I created following functions to loop over all indexes in a table or a tree and find the one that contains required string:

#include <QModelIndex>
#include <QAbstractItemModel>
#include <QAbstractItemView>

QModelIndex findIndexByString(const QAbstractItemModel* model, const QString& text,  const QModelIndex& parent = QModelIndex());
QModelIndex findIndexByString(const QModelIndex& index, const QString& text) {
    // First check this particular index
    if(index.data().toString() == text)
        return index;
    // Check if it has children and loop
    const QAbstractItemModel* model = index.model();
    if(model==nullptr)
        return QModelIndex();
    if (!model->hasChildren(index))
        return QModelIndex();
    // STACK OVERFLOW HERE (model and index keep repeating)
    return findIndexByString(model, text, index);
}
QModelIndex findIndexByString(const QAbstractItemModel* model, const QString& text,  const QModelIndex& parent) {
    int rows = model->rowCount(parent);
    int cols = model->columnCount(parent);
    for (int i = 0; i < rows; ++i)
      for (int j = 0; j < cols; ++j) {
        QModelIndex index_child = findIndexByString(model->index(i, j, parent), text);
        if(index_child.isValid())
            return index_child;
      }
    return QModelIndex();
}
QModelIndex findIndexByString(const QAbstractItemView* view, const QString& text) {
    //const QModelIndex root = view->rootIndex();
    const QAbstractItemModel* model = view->model();
    return findIndexByString(model, text);
}

This code is self contained and doesn't have any dependencies outside Qt library.
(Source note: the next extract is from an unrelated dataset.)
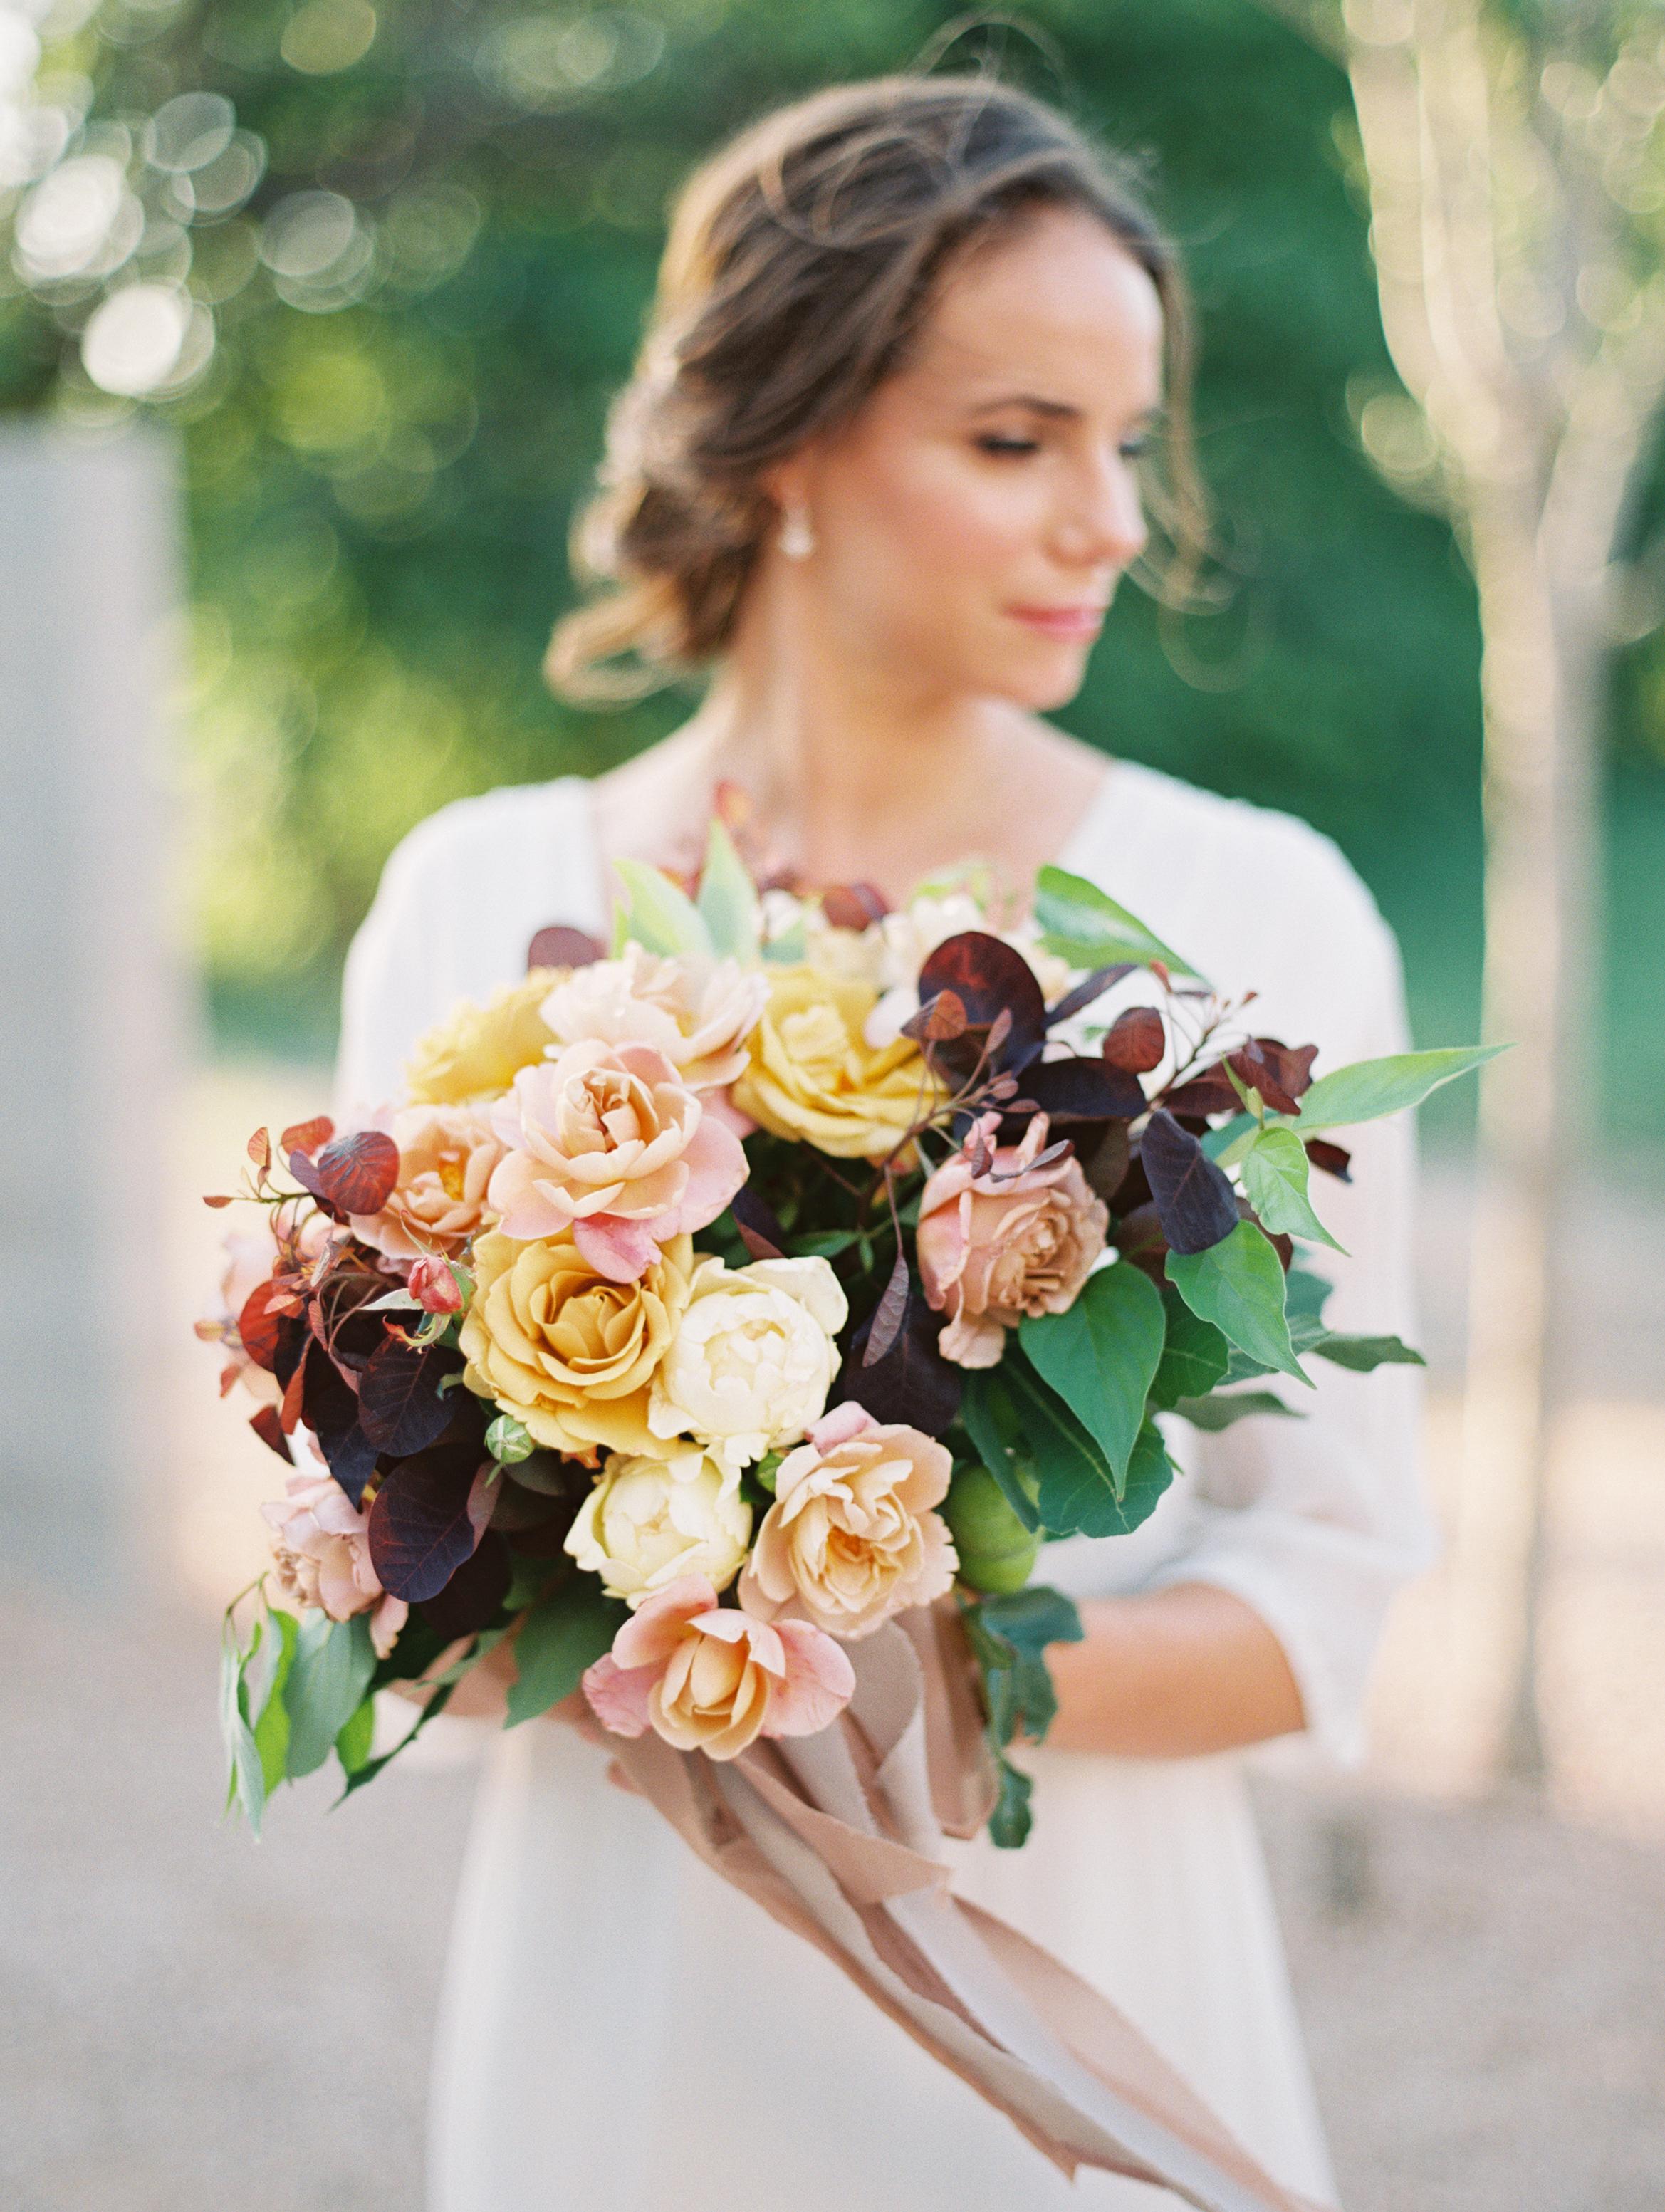 photo:  ALLEN TSAI / florals:  M  OSS FLORAL

I encountered stack overflow error when looping over some model in foreign code.

I am trying to create generic correct algorithm to do this. Is the algorithm above correct?

Answer 1

The code looks fine. It's a classic depth-first search. It runs out of stack because your model is not a tree, but a cyclic graph and/or it has infinite depth.

We can reformulate the search with an explicit stack and add tests that ensure a reasonable behavior in face of ill-formed model.

If your model has infinite depth or cycles by design, the code below will act appropriately and won't run out of stack.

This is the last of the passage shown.